Parallel peptide synthesis on microfluidic microarrays for identification of protein and cell binding ligands.

Abstract

Advances in combinatorial chemistry have enabled the application of small molecule microarrays for study of limitless receptor-ligand interactions. Short synthetic peptides have emerged as popular probes for microarrays due to their stability, diverse range of biomolecular interactions and sequence specific bioactivity. Consequently, there is an increasing potential for spatially addressable peptide libraries, with high synthesis efficiencies and which are routinely producible at low cost and less time. In addition, the potential of peptide microarray applications has not yet been realized; with a relatively unexplored application of identification of synthetic peptides that target tumor cells. In this work, we present the development of an integrated parallel peptide synthesis system using solid phase peptide synthesis and photogenerated acid chemistry. Next we demonstrate the application of arrays synthesized by this system to the identification of cell and protein adhesive ligands. The surface of a silicon-glass microchip was modified to form a mixed self-assembled monolayer that presented PEG moieties interspersed with reactive amino terminals. The PEG provided biomolecular inertness and the reactive amino groups were used for consequent peptide synthesis. The cytophobicity of the surface was characterized by on-chip fluorescent binding assays and was found to be resistant to non-specific attachment of cells and proteins. An integrated system for parallel peptide synthesis on this reactive amino surface was developed, using photogenerated acid chemistry and digital microlithography.
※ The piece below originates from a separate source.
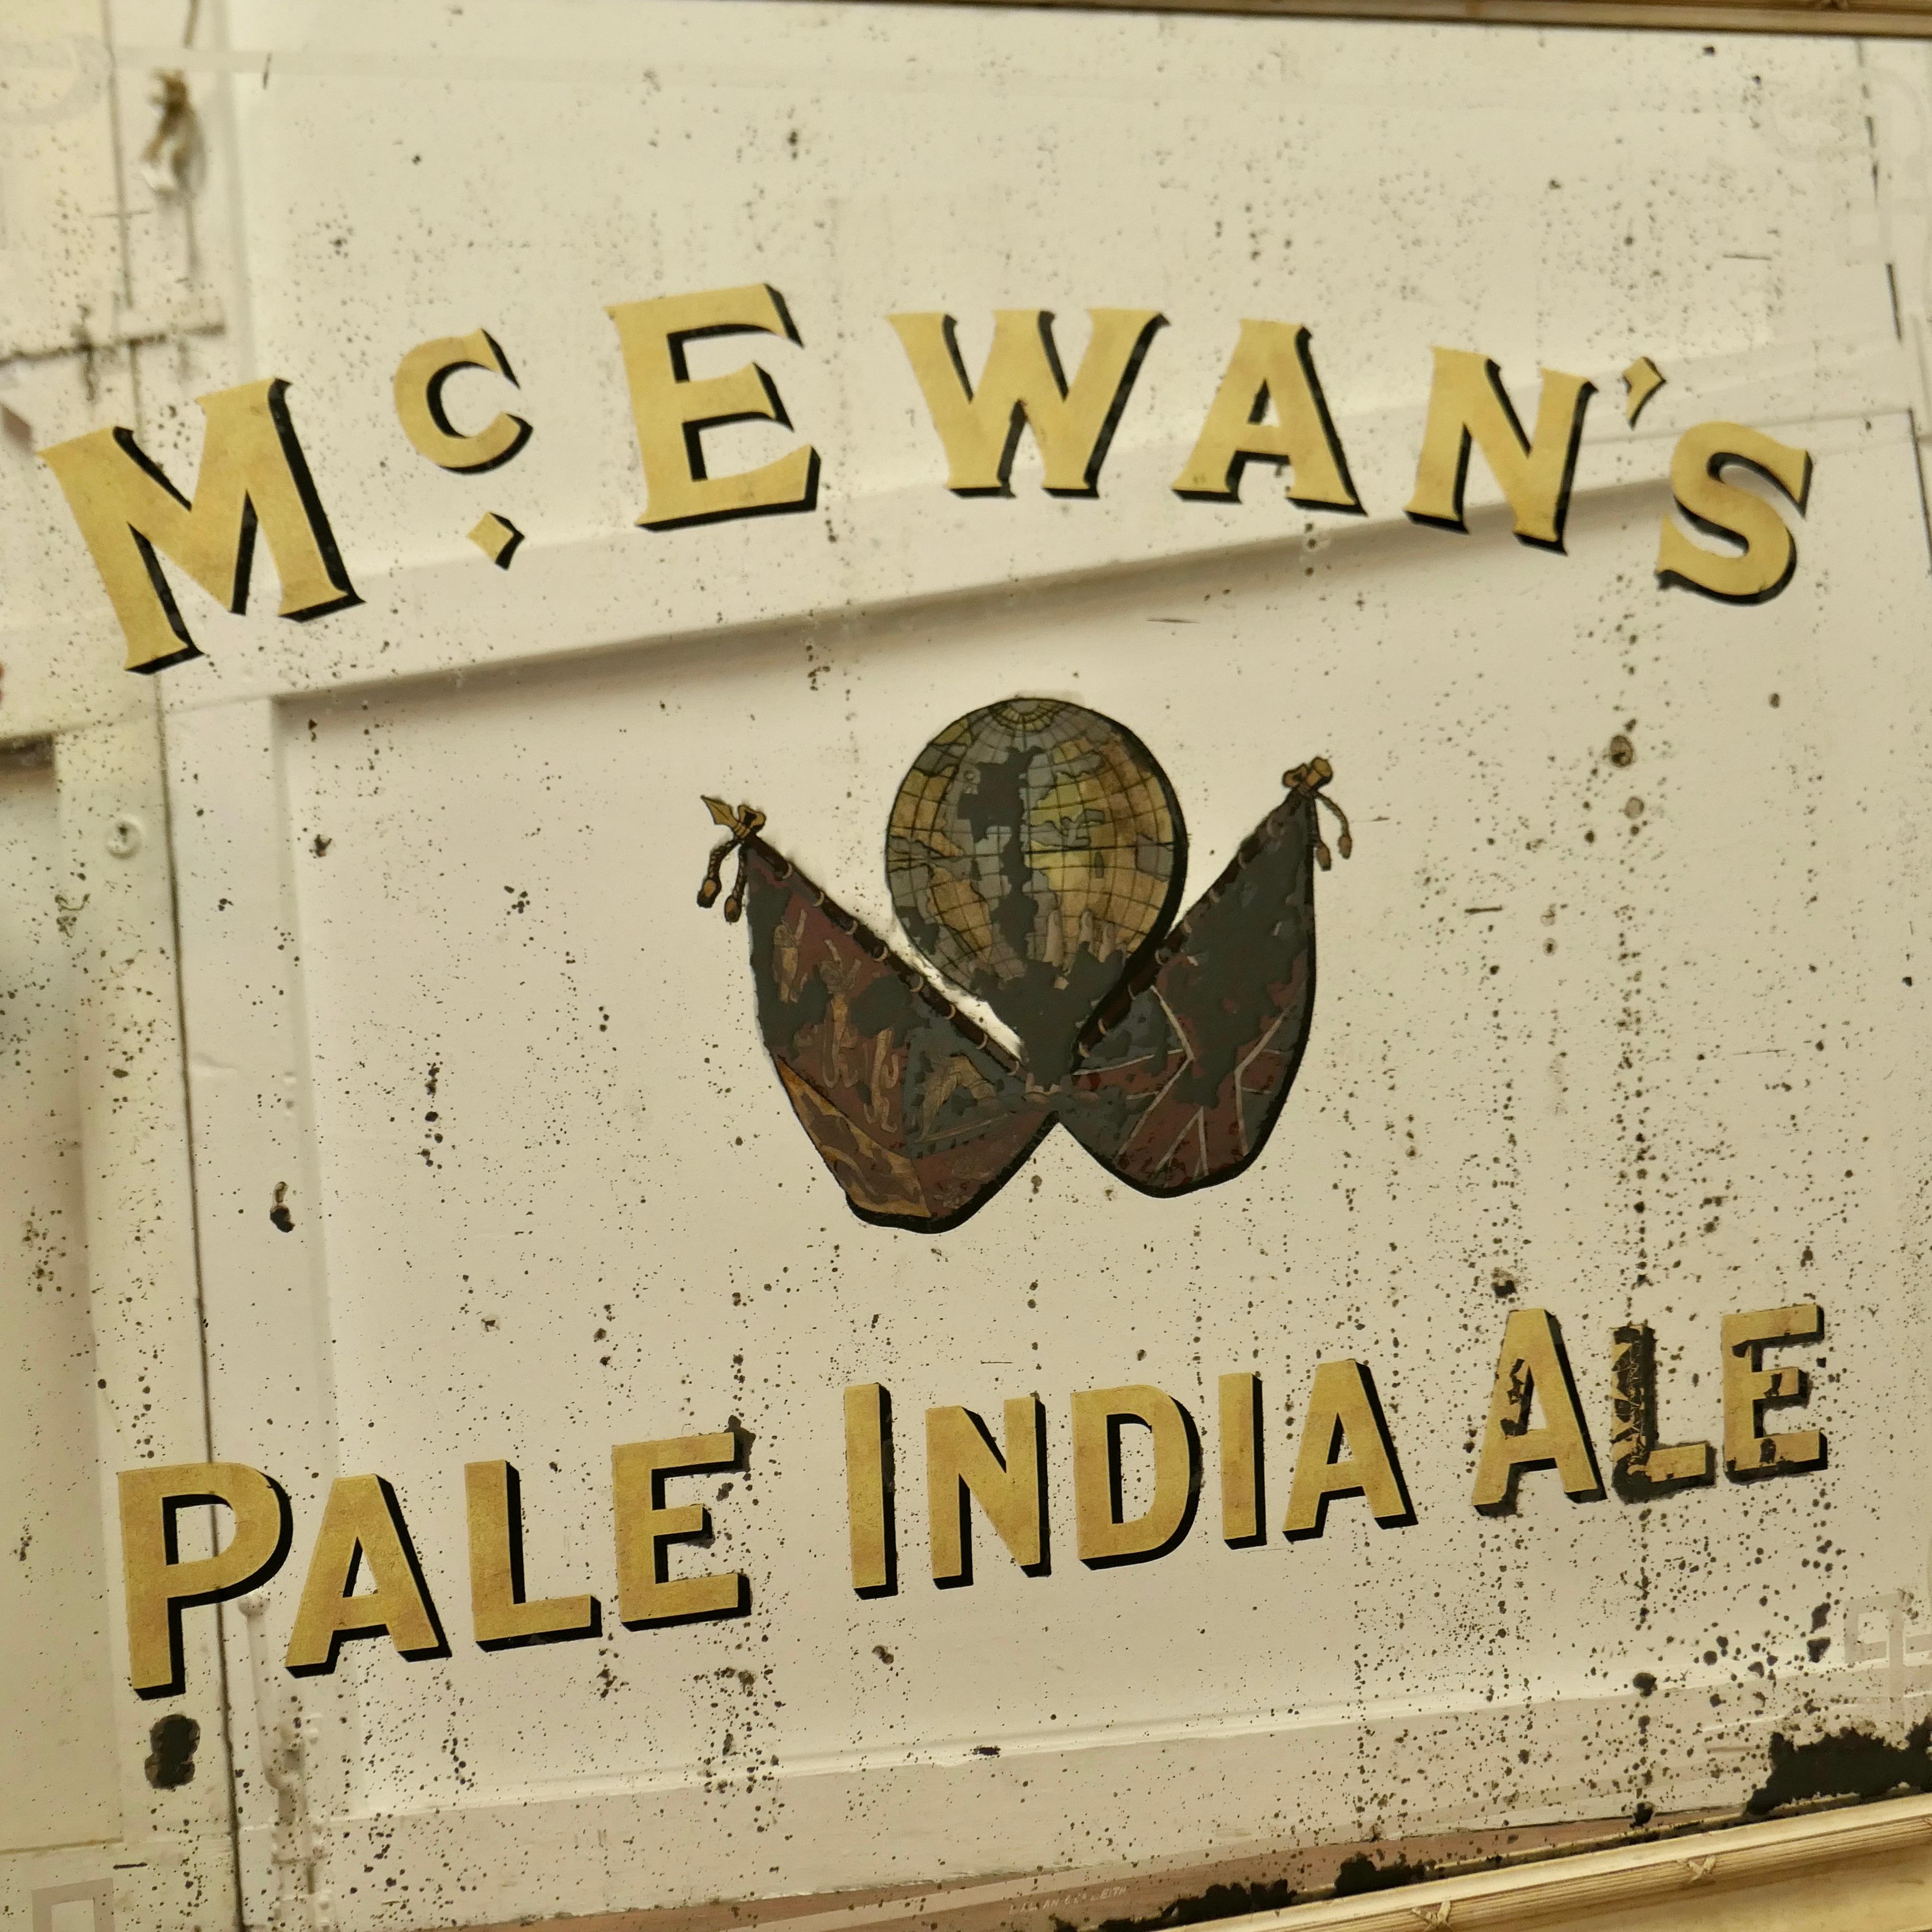 Ein großer McEwan's Pale India Ale Werbespiegel, Pub Sign Spiegel für McEwans  im Angebot 8

A constant synthesis efficiency of >98% was observed for up to 7mer peptides. To demonstrate specific cell adhesion on these synthetic peptide arrays, variations of a 7mer cell binding peptide that binds to murine B lymphoma cells were synthesized. Sequence specific binding was observed on incubation with fluorescently labeled, intact murine B lymphoma cells and key residues for binding were identified by deletional analysis. In conclusion, a combination of PEG-based surface passivation techniques and spatially addressable solid phase peptide synthesis was used to develop a highly specific cell-peptide adhesion assay on a microfluidic platform.